What needs to be done:
Set each line of the material below down word for word, from the first through the line that holds "Antenne artist Blaise", but not the pictures.

==================================================

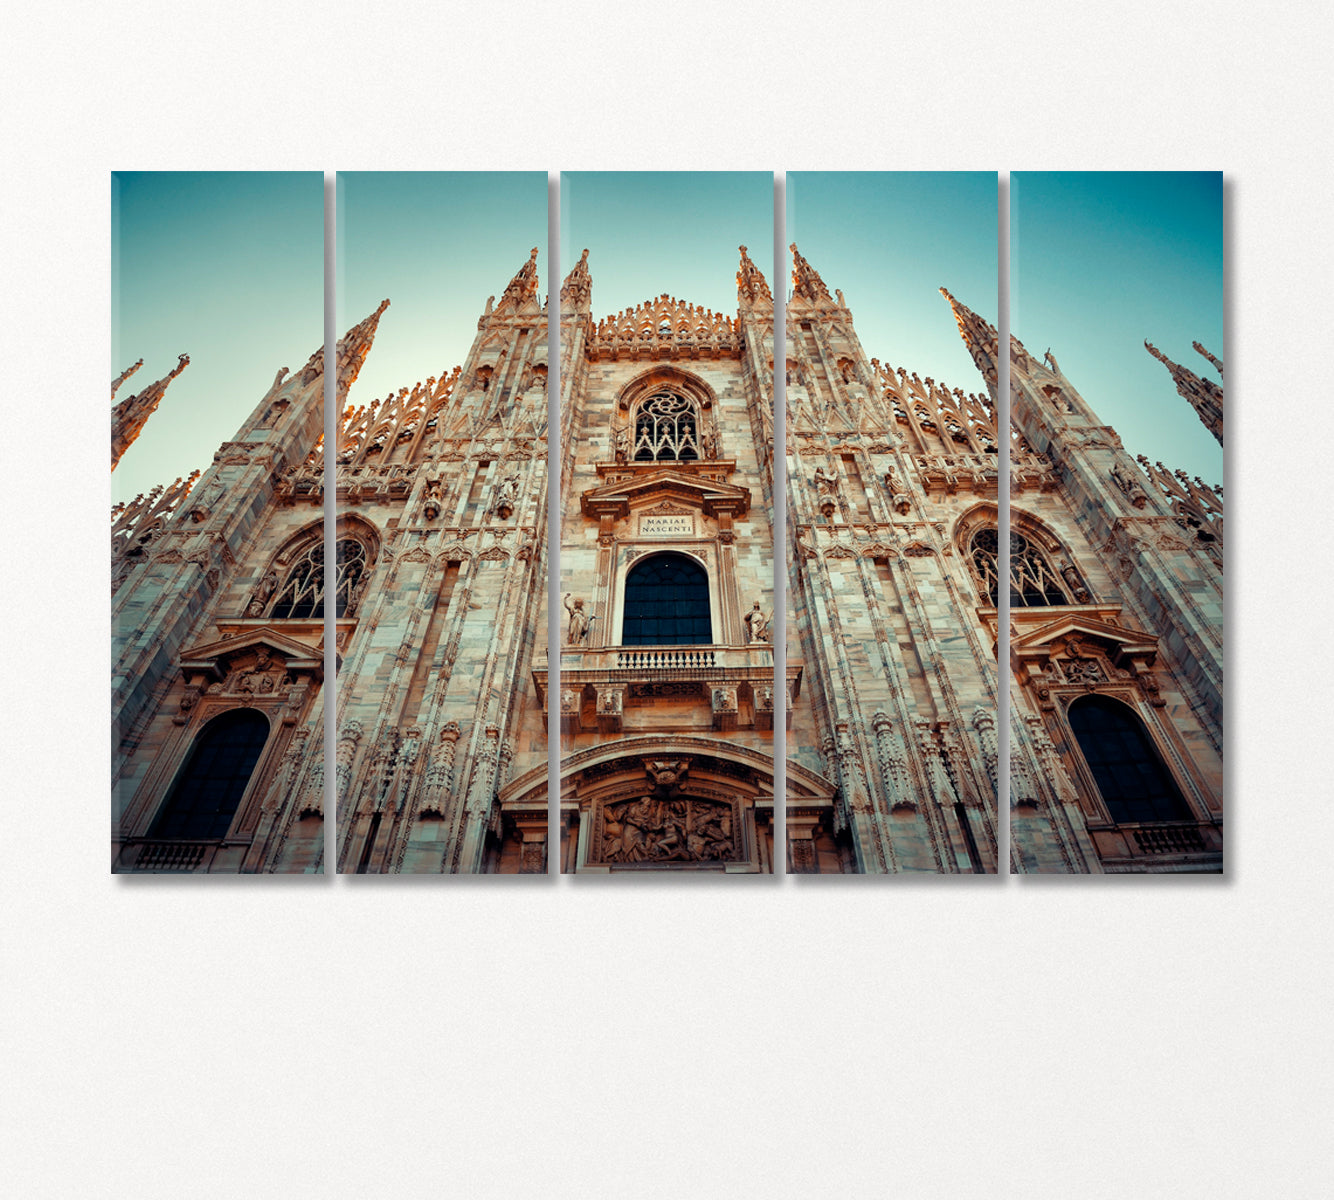 Splendor of Milan Cathedral Italy Canvas Print-Canvas Print-CetArt-5 Panels-36x24 inches-CetArt
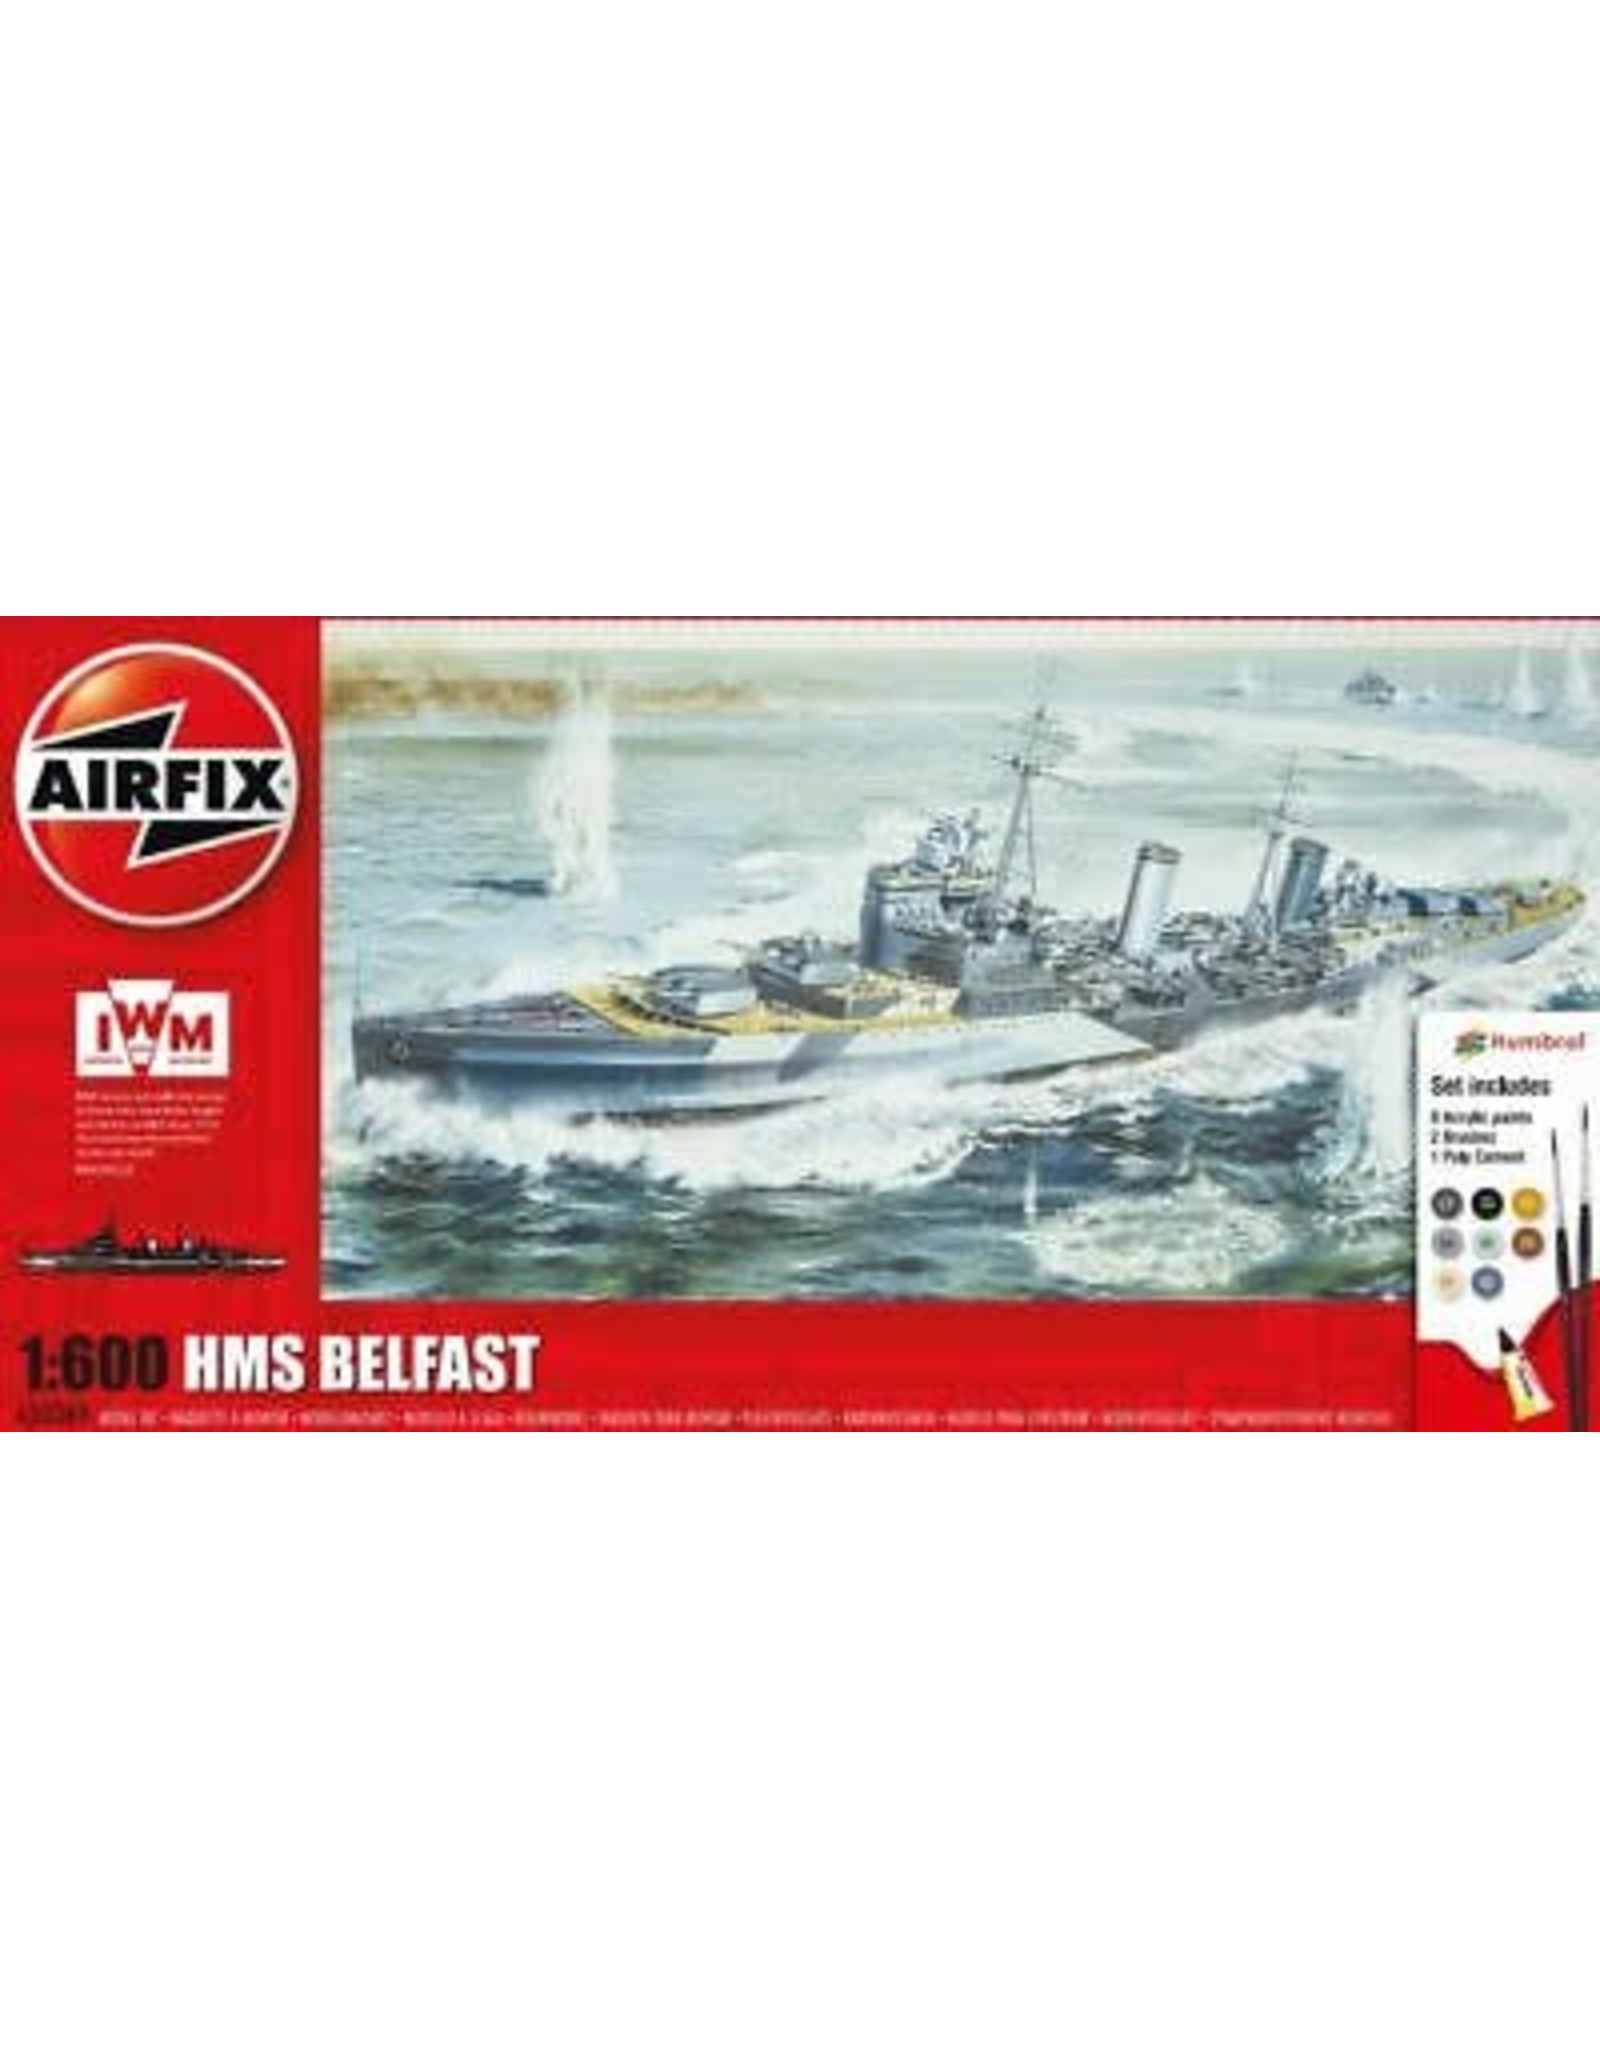 Airfix HMS Belfast 1:600
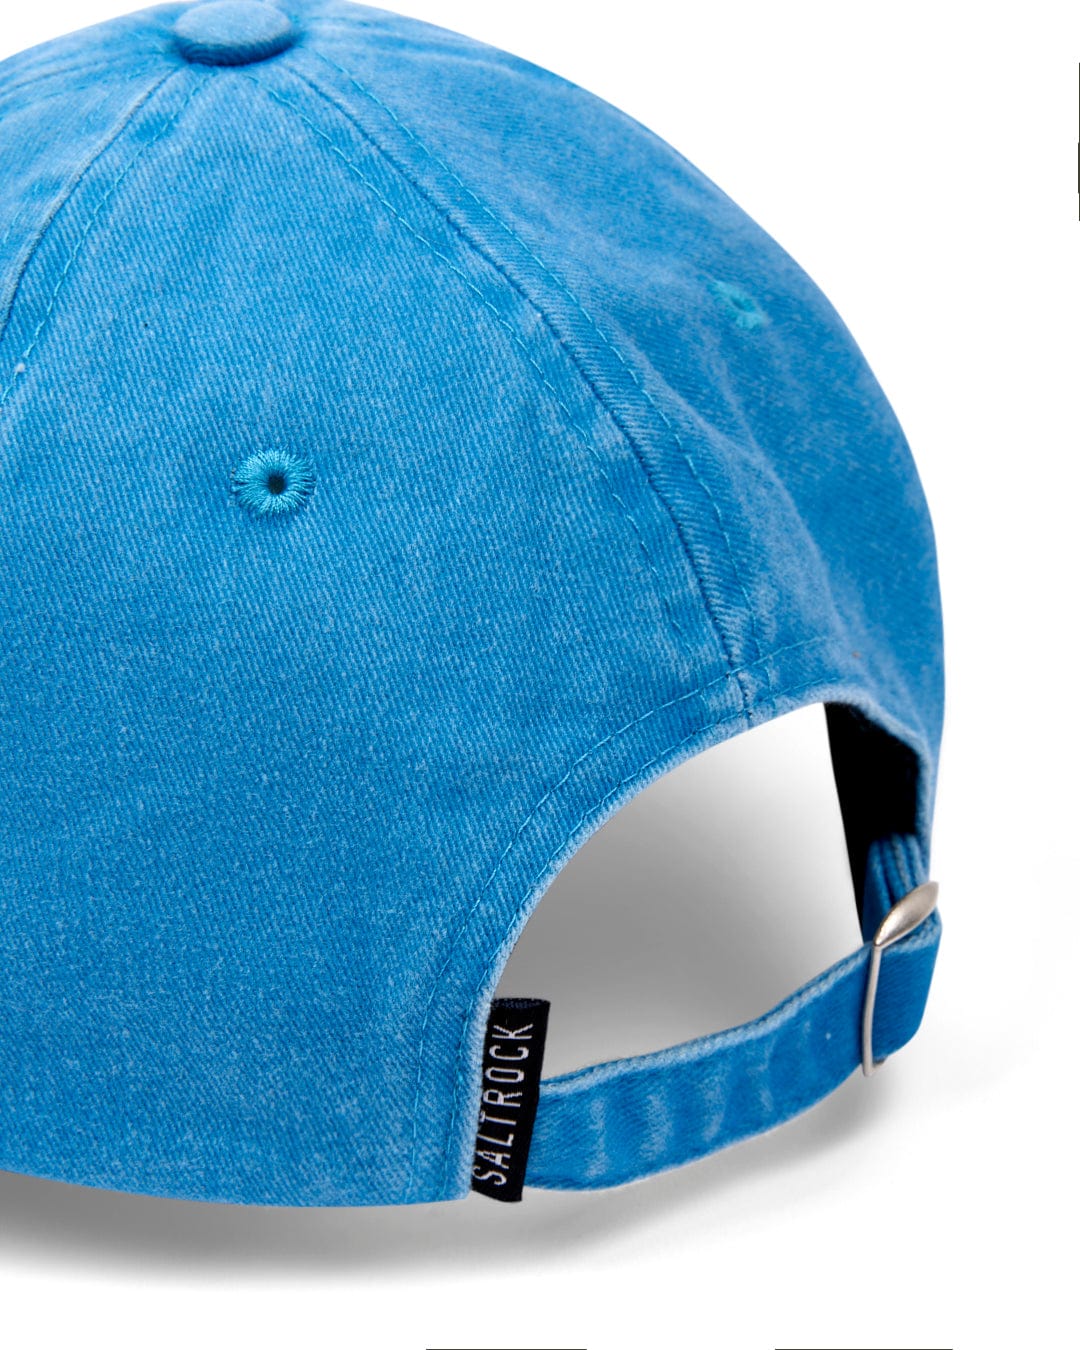 SR Original Cap - Blue baseball cap with an adjustable strap and a branded Saltrock badge.
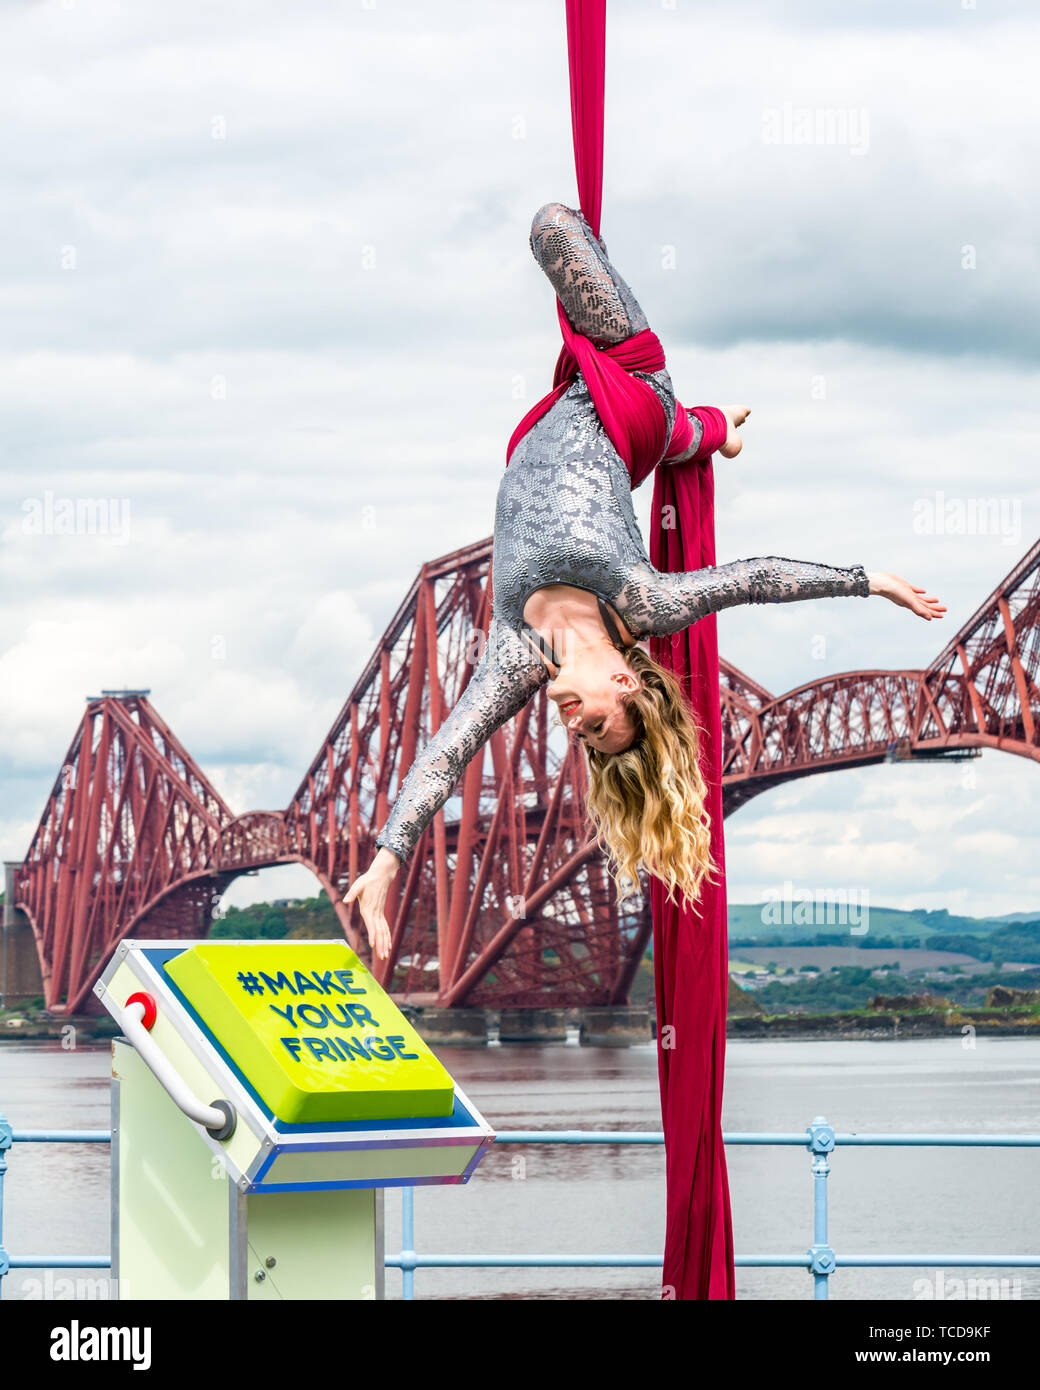 Antenne artist Blaise Donald startet Edinburgh Festival Fringe Programm & Franse Hashtag #MakeYourFringe an iconic Forth Rail Bridge, Schottland, Großbritannien Stockfoto
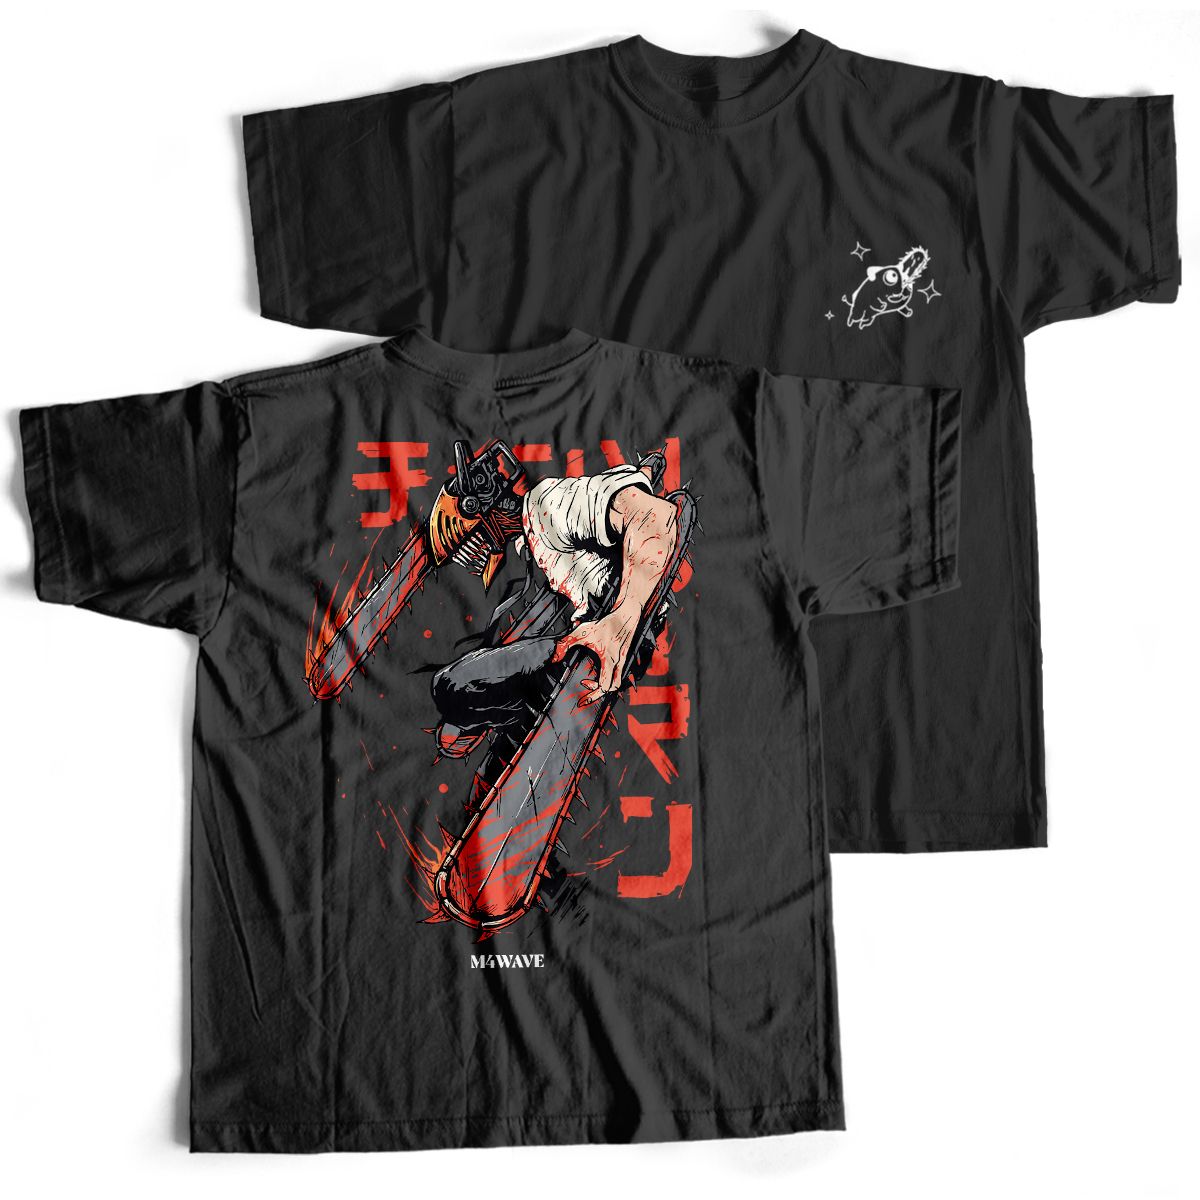 Nome do produto: Camiseta Preta - Chainsaw Demon (Frente/Costas)

==================================================

Your solution:
 Splendor of Milan Cathedral Italy Canvas Print-Canvas Print-CetArt-5 Panels-36x24 inches-CetArt
 Airfix HMS Belfast 1:600
 SR Original Cap - Blue baseball cap with an adjustable strap and a branded Saltrock badge.
 Antenne artist Blaise Donald startet Edinburgh Festival Fringe Programm & Franse Hashtag #MakeYourFringe an iconic Forth Rail Bridge, Schottland, Großbritannien Stockfoto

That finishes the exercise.